A Formula Kite é uma das novas classes no programa da vela para os Jogos Paris 2024. Esta disputa promete regatas muito rápidas e decisões têm de ser tomadas em segundos - algo que não é novidade para Bruno Lobo. Aos 30 anos, o velejador maranhense conciliou uma faculdade de Medicina e o aprendizado no kiteboarding para tentar ser o primeiro representante Olímpico do Brasil na disputa.
A partir desta segunda-feira, ele começa a correr no Campeonato Mundial de Vela 2023, em Haia, nos Países Baixos, de olho em uma das oito vagas disponíveis para os Jogos da capital francesa.

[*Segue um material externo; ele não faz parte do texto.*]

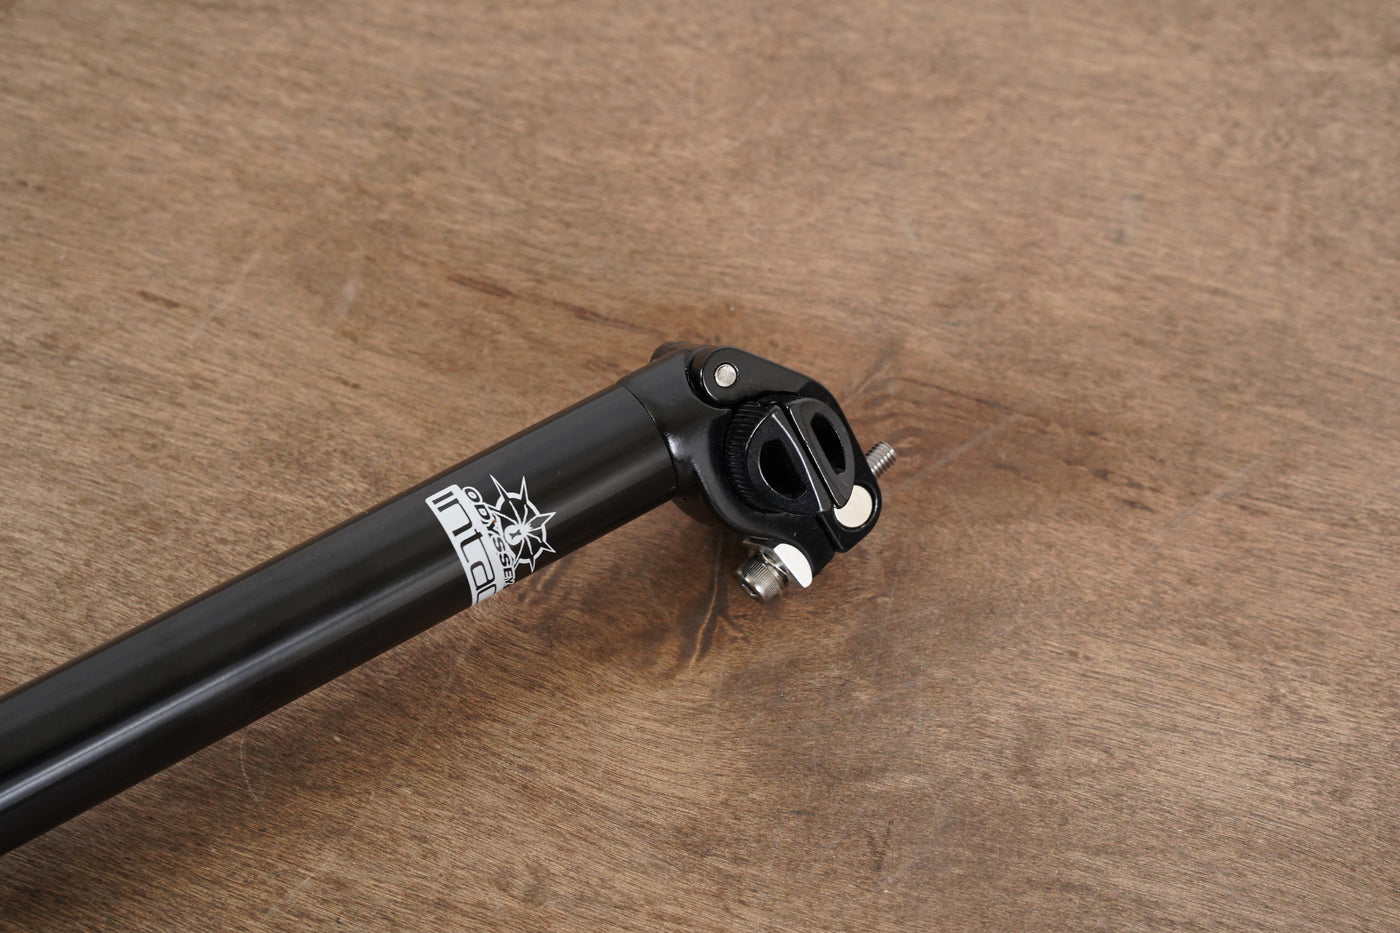 NEW 26.4mm Odyssey Intac Alloy Road Seatpost

Elas serão alocadas aos Comitês Olímpicos Nacionais (CONs) melhores colocados, com o limite de uma vaga por CON, por evento.
Em abril de 2023, Bruno terminou em 11o lugar no Troféu Princesa Sofia, em Palma de Mallorca, na Espanha, em junho foi o nono colocado em um evento em Lelystad, nos Países Baixos, e terminou na quinta colocação no evento-teste para Paris 2024 já realizado na Marina de Marselha, palco dos próximos Jogos.
"A cada competição fui me sentindo melhor, então estou sempre brigando entre o top dez ali. Acho que são alguns detalhes que a gente está trabalhando para chegar e brigar sempre pelo pódio," afirmou Bruno.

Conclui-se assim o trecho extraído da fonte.